[Market Update] - Weekly Market Update | The Retirement Planning Group | Chris Bouffard, CFA

Quick Takes

  • BREAKING: In the early hours of Monday, the U.S. and China announced preliminary details on an agreement to temporarily cut tariffs for a 90-day period while further negotiations are established. U.S. tariffs on Chinese goods will be cut from 145% to 30%; China tariffs on U.S. imports will be cut from 125% to 10%. The U.S. 30% includes the flat 10% tariffs on all goods plus the 20% fentanyl-related tariff. Uncertainty remains on a broader, longer lasting trade deal but markets were up 2-3% just before the opening Monday morning.
  • The major indexes all finished last week roughly flat, with large cap stocks slightly down and small- and mid-cap stocks slightly higher. The S&P 500 Index closed the week with a modest loss of -0.5%, while the small-cap Russell 2000 Index was up +0.1%.
  • Like U.S. stocks, overseas equities were mixed and relatively flat. The MSCI EAFE Index (developed market non-U.S. stocks) was down -0.2% after four weeks of gains. The MSCI Emerging Markets Index was up +0.5%, marking a four-week win streak. 
  • The Fed announced it would be holding the fed funds target rate steady in the range of 4.25% to 4.50%, and policymakers noted that “economic activity has continued to expand at a solid pace.” But they cautioned that “uncertainty about the economic outlook has increased further” and “the risks of higher unemployment and higher inflation have risen.”
    [Market Update] - Market Snapshot 050925 | The Retirement Planning Group

    Source: Bloomberg.
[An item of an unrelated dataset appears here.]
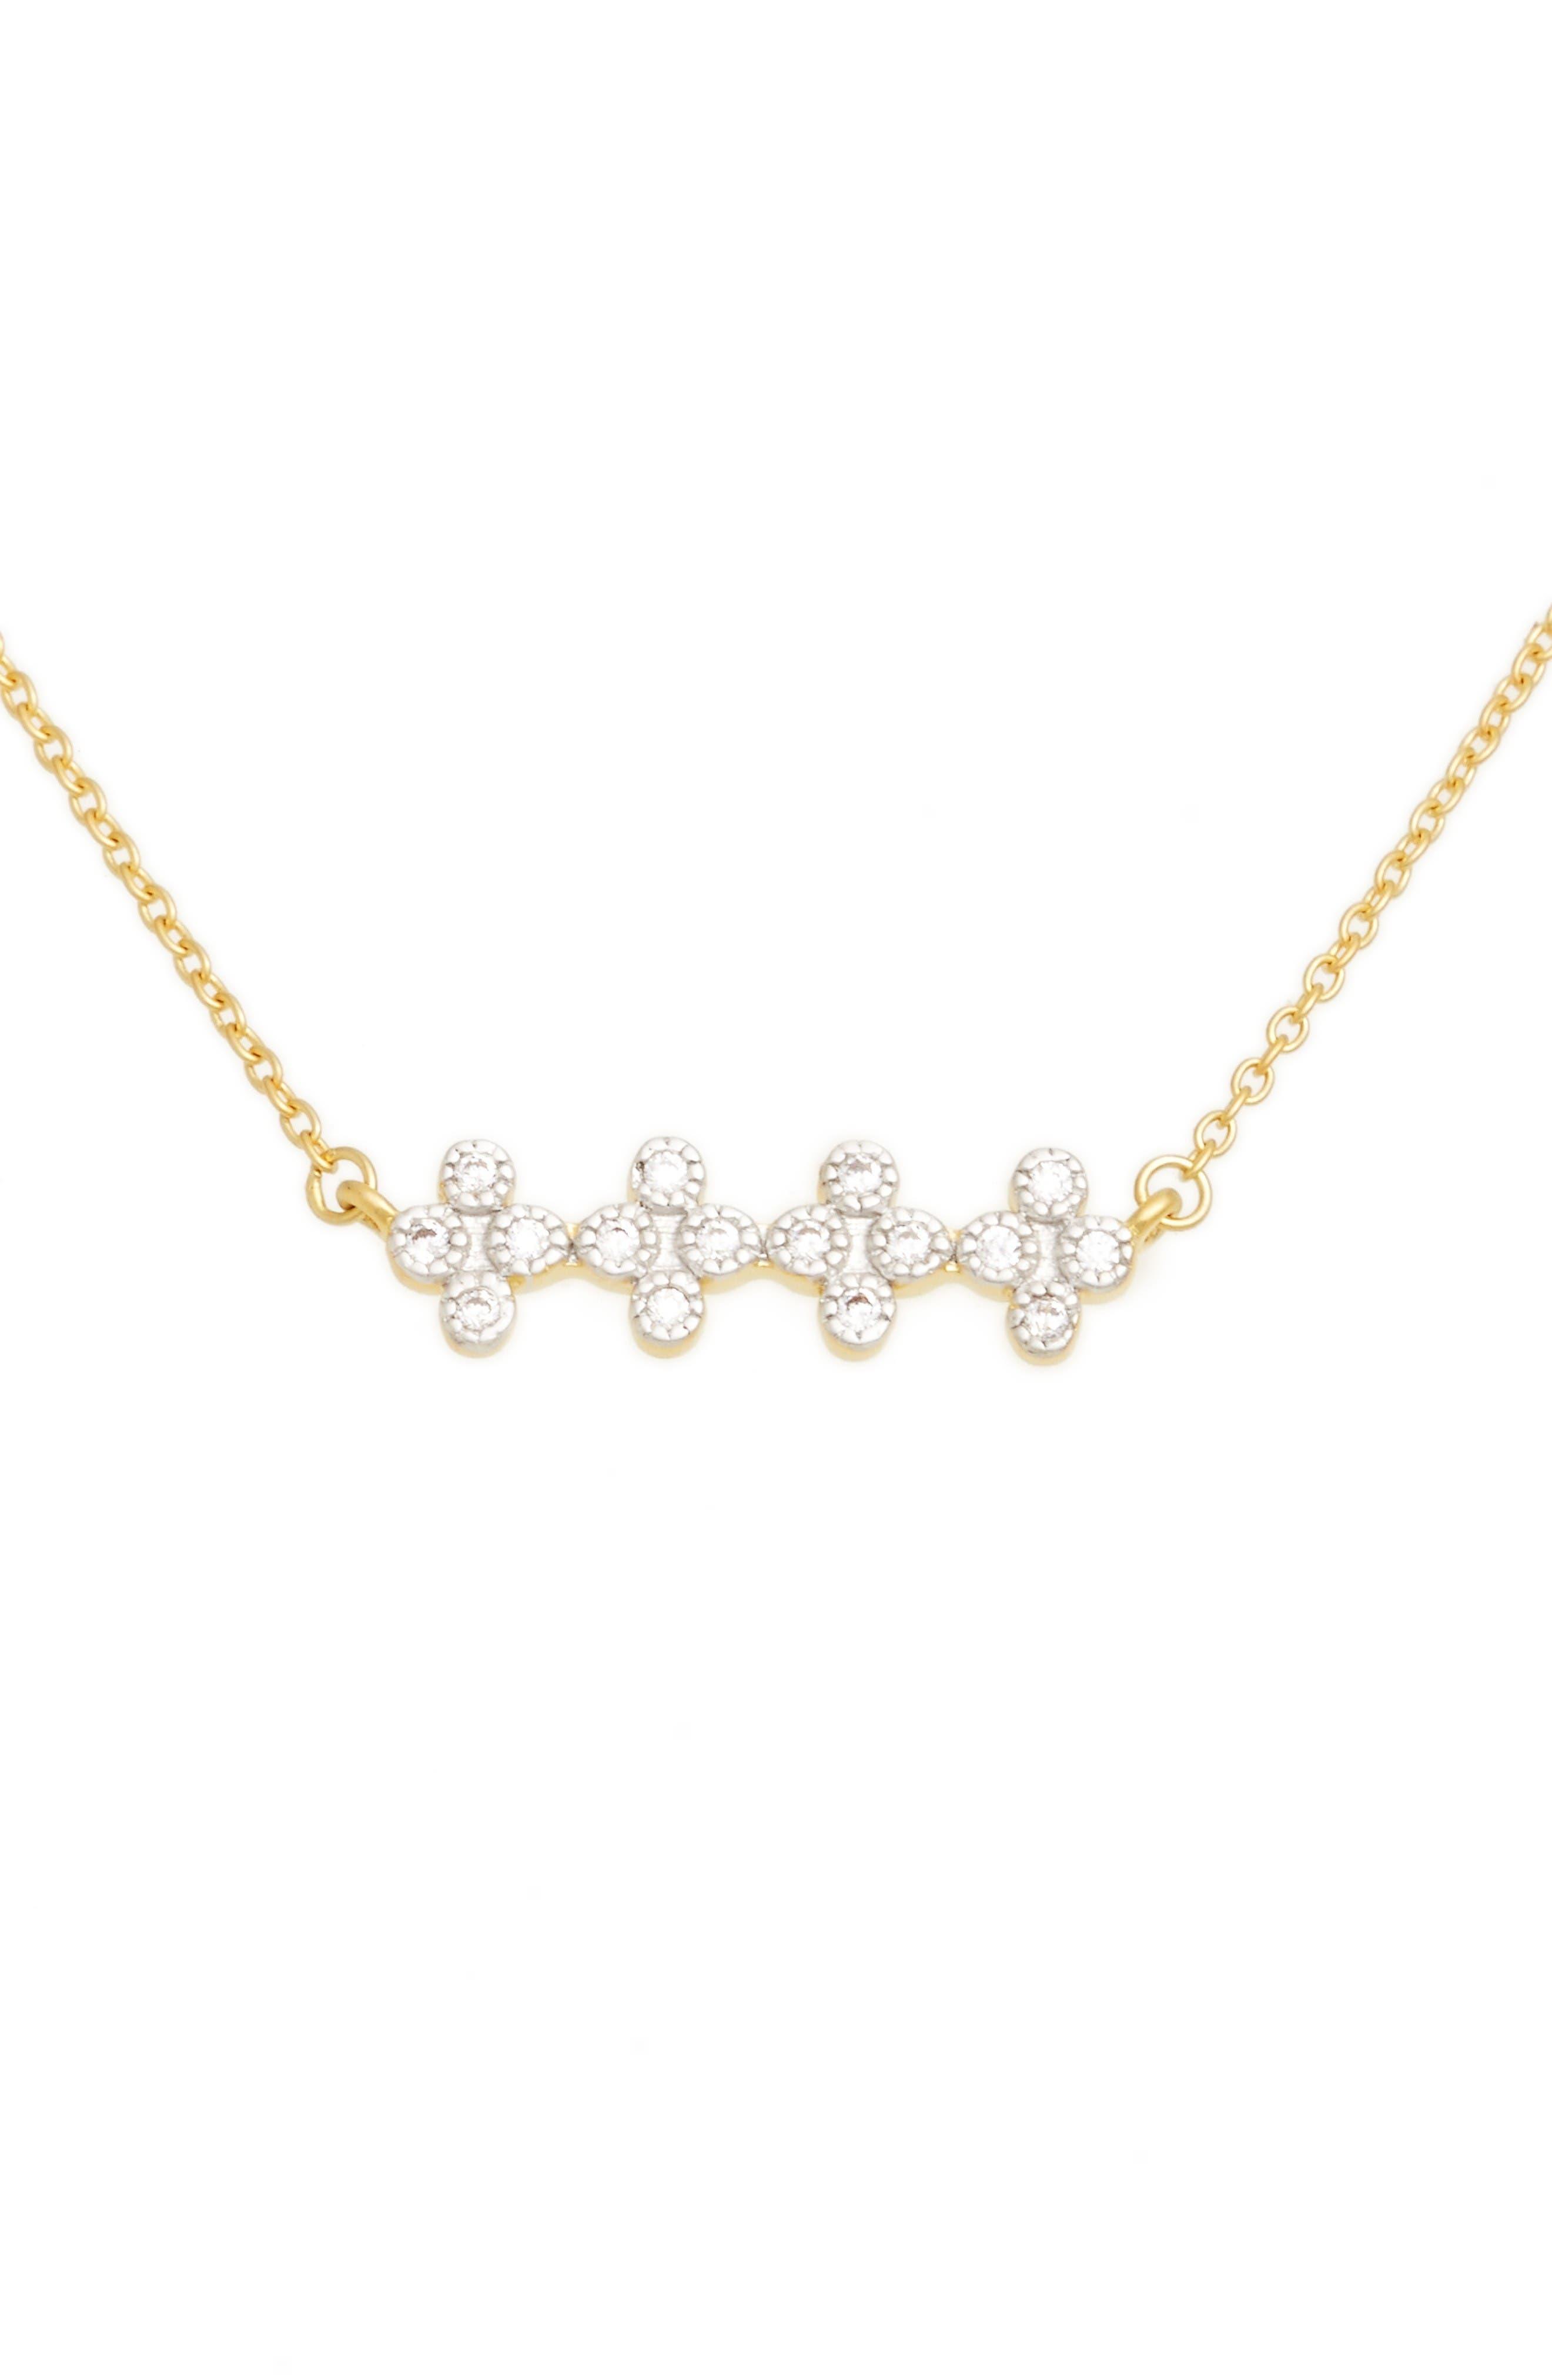 FREIDA ROTHMAN Visionary Fusion Crystal Necklace

Data as of May 9, 2025.
    Price Returns for Equity, Total Returns for Bonds.
    * The term basis points (bps) refers to a common unit of measure for interest rates and other percentages in finance. One basis point is equal to 0.01%. Bond prices and bond yields are inversely related. As the price of a bond goes up, the yield decreases.

    Stocks little changed amid hopes for U.S. – China trade talks

    The major indexes all finished last week roughly flat, with large cap stocks slightly down and small- and mid-cap stocks slightly higher. The S&P 500 Index closed the week with a modest loss of -0.5%, following heady gains of +2.9% and +4.6% the prior two weeks. Stocks were lower to start the week with the S&P 500 snapping a nine-day winning streak in a fairly quiet trading on Monday. But promising progress on the tariff front helped markets recover on Wednesday and Thursday. Reports that U.S. and Chinese officials meeting in Switzerland over the weekend for trade discussions helped lift stocks on Wednesday as investors hoped for broader negotiations and tariff de-escalation. Stocks continued to gain through Thursday on the announcement that the U.S. and U.K. had established a framework for the first new trade deal since the Trump administration’s reciprocal tariffs were unveiled on April 2. Stocks finished Friday marginally lower on relatively light volume with investors waiting to digest news out of the U.S. – China trade talks over the weekend. 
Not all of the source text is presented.